To make the cheese sauce
  1. Place the butter in a saucepan and set over medium heat to melt. Add flour and stir to combine. Add milk, a little at a time, while whisking. Continue to cook, whisking constantly, until mixture is thick and smooth. Remove from heat, add 150 grams taleggio and parmesan and whisk until smooth and combined. Set aside.
To prepare the vegetables
  1. Place a grill pan over high heat. Toss eggplant and zucchini in 2 tablespoons olive oil and season. Add eggplant and zucchini slices and char grill until starting to caramelise. Remove from grill and set aside.

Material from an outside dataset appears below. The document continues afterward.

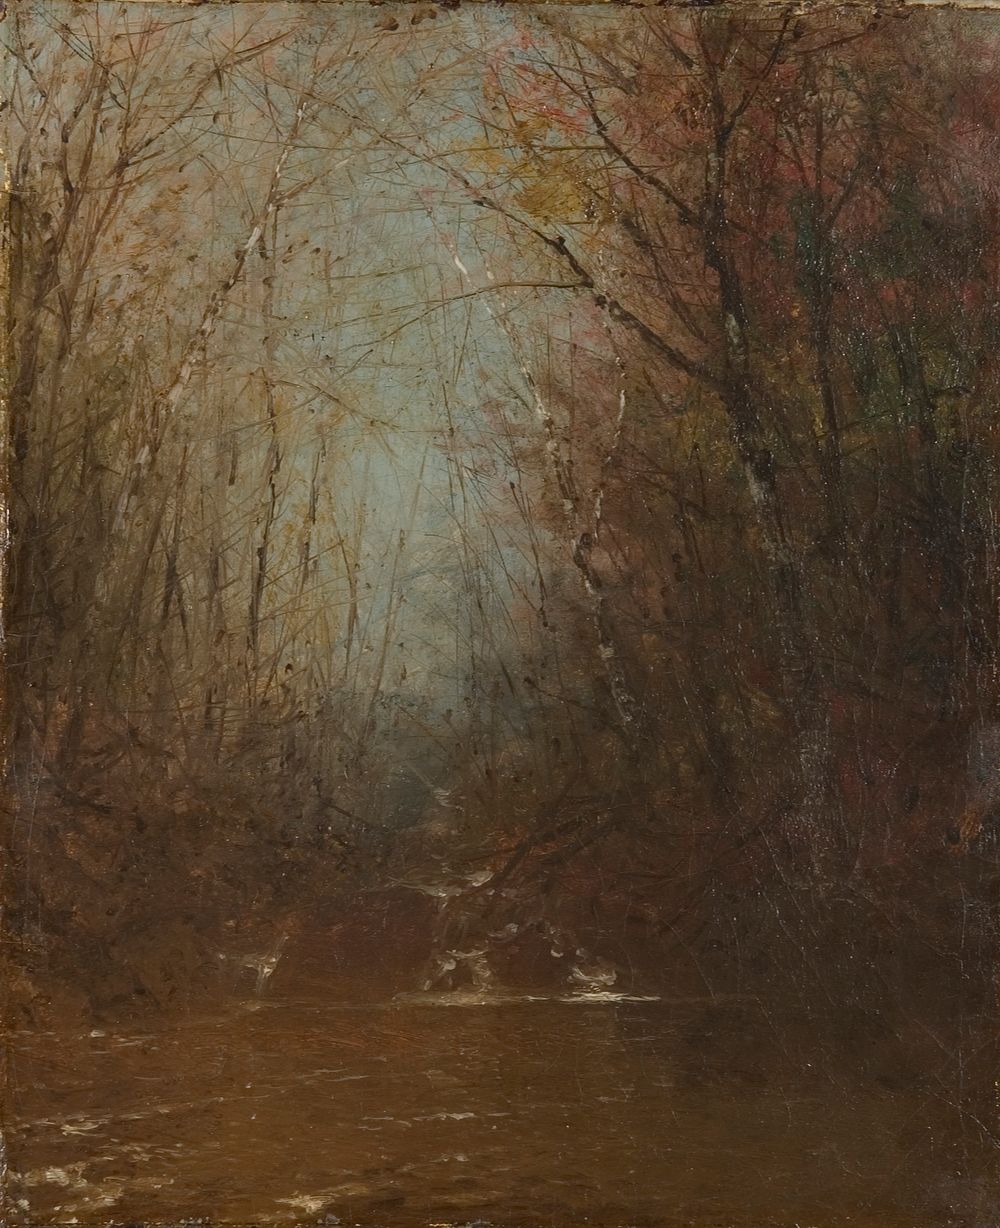 Forest Interior with Stream, John Frederick Kensett

  2. Using tongs, hold capsicums over an open flame until skin blackens all over. Place in a bowl and cover with plastic wrap and leave to sit for 10 minutes.
  3. Peel skins from capsicums. Cut into slices, discarding seeds and membrane and set aside.
To assemble lasagne
  1. Spread a thin layer of the tomato sauce on a 26cm x 34cm baking tray. Cover with a layer of lasagne sheets. Continue to layer vegetables and lasagne sheets, finishing with a lasagne sheet. Spread with cheese sauce so that it is completely covered. Dot with remaining tallegio.
  2. Place in the oven to bake for 30-35 minutes or until cooked through and golden brown. Remove from oven and let stand 10 minutes.
To make the sourdough crumb
  1. Place sourdough bread into bowl of food processor and pulse to form crumbs. Place crumbs into frypan along with olive oil and set over a medium high heat. Stir continuously 3-4 minutes until crumbs are golden and crisp. Remove pan from heat and set aside.
For the pesto
  1. Combine pesto ingredients in a small bowl of food processor and blend until smooth sauce forms.
To serve
  1. Cut lasagne into rectangles and serve topped with sourdough crumb and pesto sauce.